Inference customization for MLflow models

Scoring scripts customize how to execute inferencing for custom models. But for MLflow model deployment, the decision about how to execute inferencing is made by the model builder rather than by the deployment engineer. Each model framework can automatically apply specific inference routines.

If you need to change how inference is executed for an MLflow model, you can do one of the following things:

  • Change how your model is being logged in the training routine.
  • Customize inference with a scoring script at deployment time.

Change how your model is logged during training

When you log a model by using either mlflow.autolog or mlflow.<flavor>.log_model, the flavor used for the model determines how to execute inference and what results to return. MLflow doesn't enforce any specific behavior for how the predict() function generates results.

In some cases, you might want to do some preprocessing or postprocessing before and after your model executes. Or, you might want to change what is returned; for example, probabilities instead of classes.
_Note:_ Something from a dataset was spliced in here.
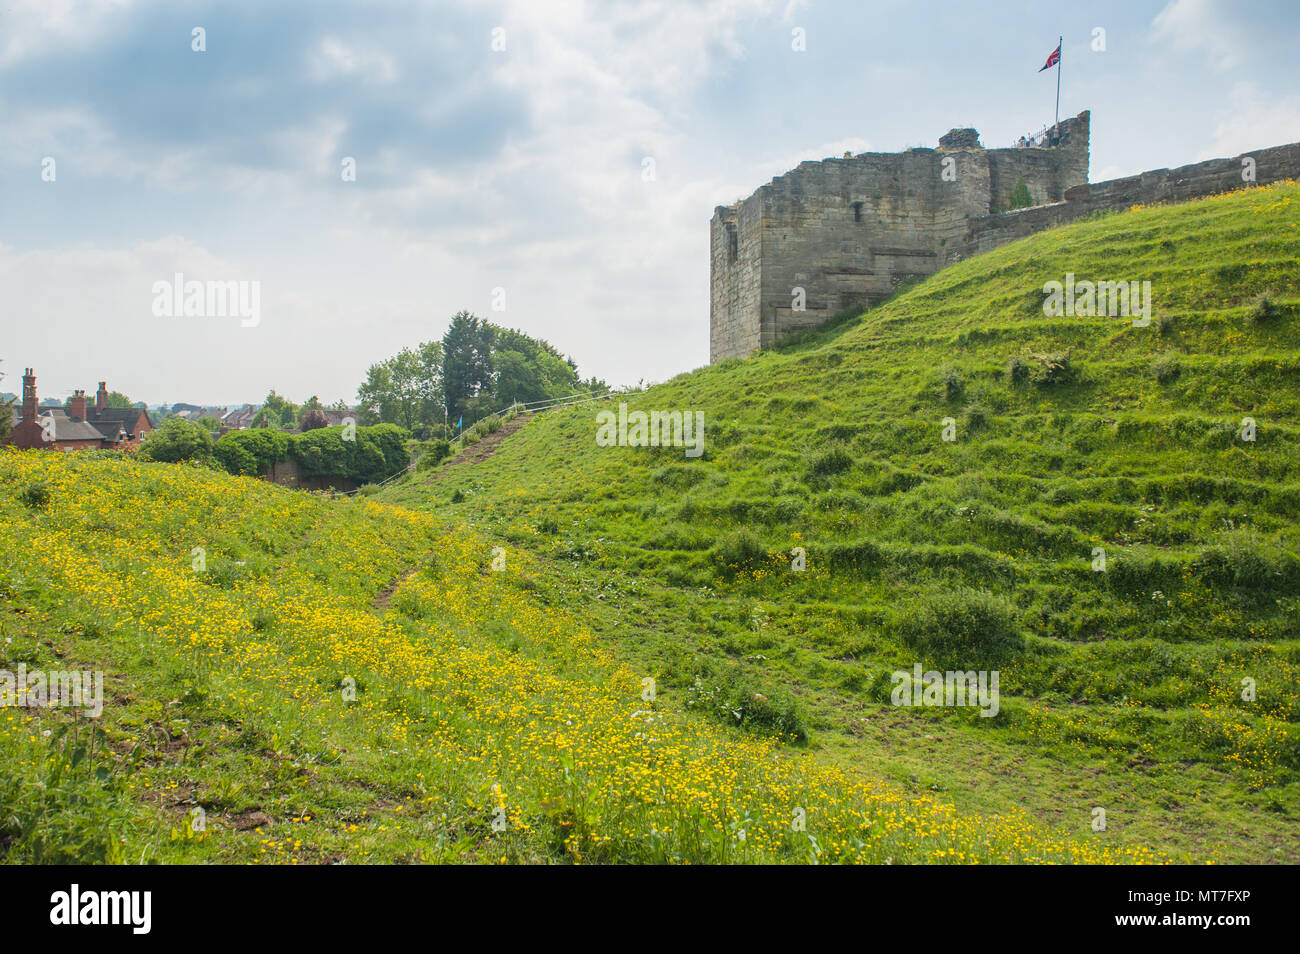 The ruins of Tutbury Castle in the village of Tutbury, Staffordshire, England on Monday 28th May 2018. Stock Photo

One solution is to implement machine learning pipelines that move from inputs to outputs directly.

For example, sklearn.pipeline.Pipeline or pyspark.ml.Pipeline are popular ways to implement pipelines, and are sometimes recommended for performance reasons. You can also customize how your model does inferencing by logging custom models.

Customize inference with a scoring script

Although MLflow models don't require a scoring script, you can still provide one to customize inference execution for MLflow models if needed. For more information on how to customize inference, see Customize MLflow model deployments for online endpoints or Customize model deployment with scoring script for batch endpoints.

Important

If you choose to specify a scoring script for an MLflow model deployment, you also need to provide an environment for the deployment.

Deployment tools

Azure Machine Learning offers the following tools to deploy MLflow models to online and batch endpoints:

Each tool has different capabilities, particularly for which type of compute it can target. The following table shows the support for different MLflow deployment scenarios.
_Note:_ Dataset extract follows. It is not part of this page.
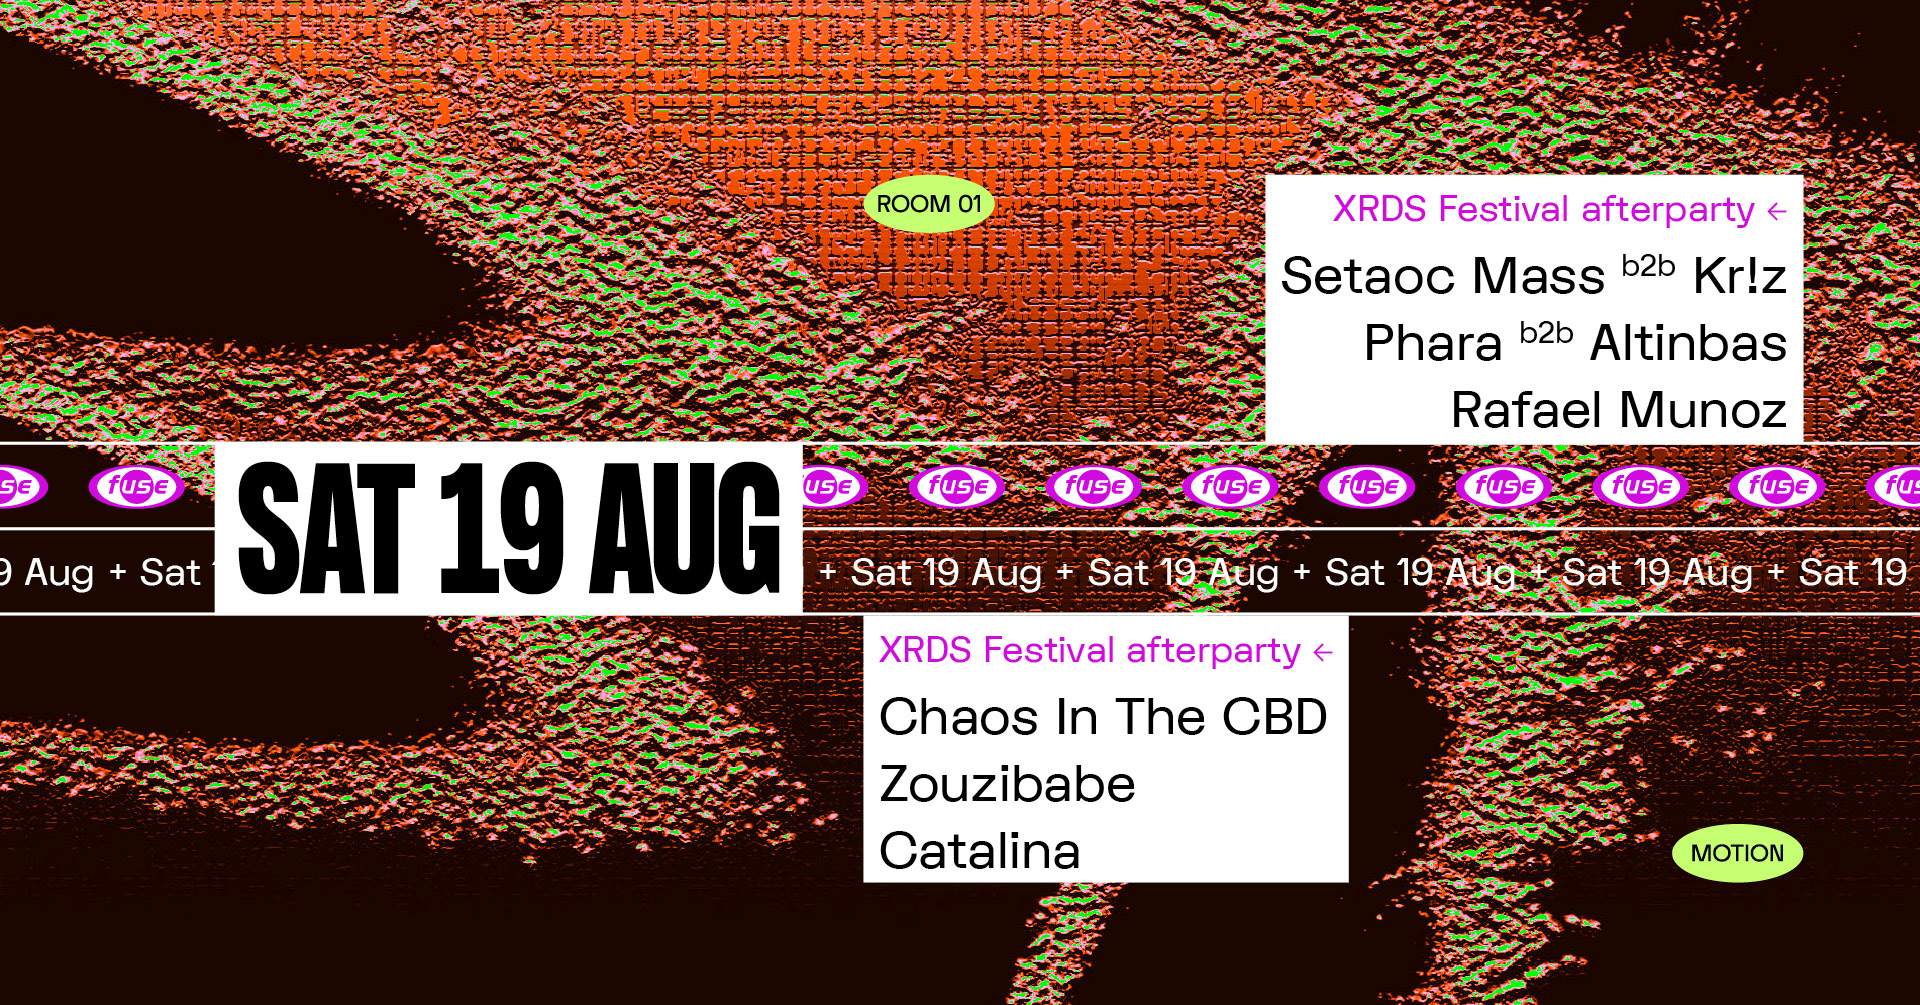 Fuse presents: XRDS afterparty with Setaoc Mass b2b Kr!z & Chaos In The CBD - Página frontal

Scenario MLflow SDK Azure Machine Learning CLI/SDK or studio
Deploy to managed online endpoints1 Supported. See Progressive rollout of MLflow models to online endpoints Supported. See Deploy MLflow models to online endpoints
Deploy to managed online endpoints with a scoring script Not supported3 Supported. See Customize MLflow model deployments
Deploy to batch endpoints Not supported3 Supported. See Use MLflow models in batch deployments
Deploy to batch endpoints with a scoring script Not supported3 Supported. See Customize model deployment with scoring script
Deploy to web services like Azure Container Instances or Azure Kubernetes Service (AKS) Legacy support2 Not supported2
Deploy to web services like Container Instances or AKS with a scoring script Not supported3 Legacy support2

1 Deployment to online endpoints that are in workspaces with private link enabled requires you to package models before deployment (preview).

2 Switch to managed online endpoints if possible.
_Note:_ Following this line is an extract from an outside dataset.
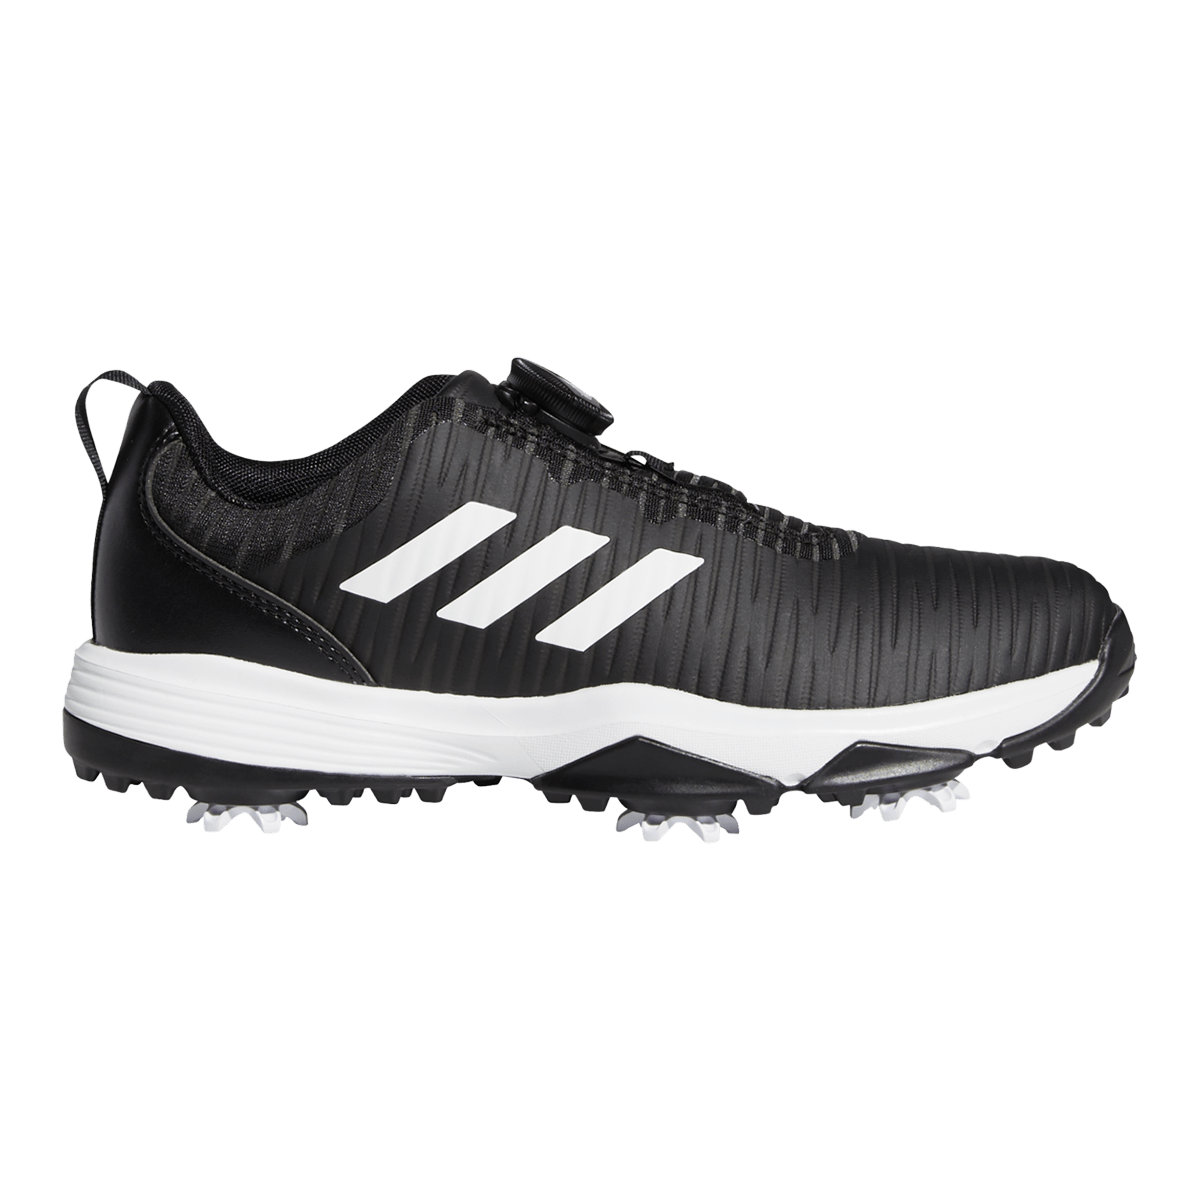 childrens golf shoes size 1

3 Open-source MLflow doesn't have the concept of a scoring script and doesn't support batch execution.

Choose a deployment tool

Use the MLflow SDK if:

  • You're familiar with MLflow and want to continue using the same methods, and
  • You're using a platform like Azure Databricks that supports MLflow natively.

Use the Azure Machine Learning CLI v2 or SDK for Python if:

  • You're familiar with them, or
  • You want to automate deployment with pipelines, or
  • You want to keep deployment configuration in a Git repository.

Use the Azure Machine Learning studio UI if you want to quickly deploy and test models trained with MLflow.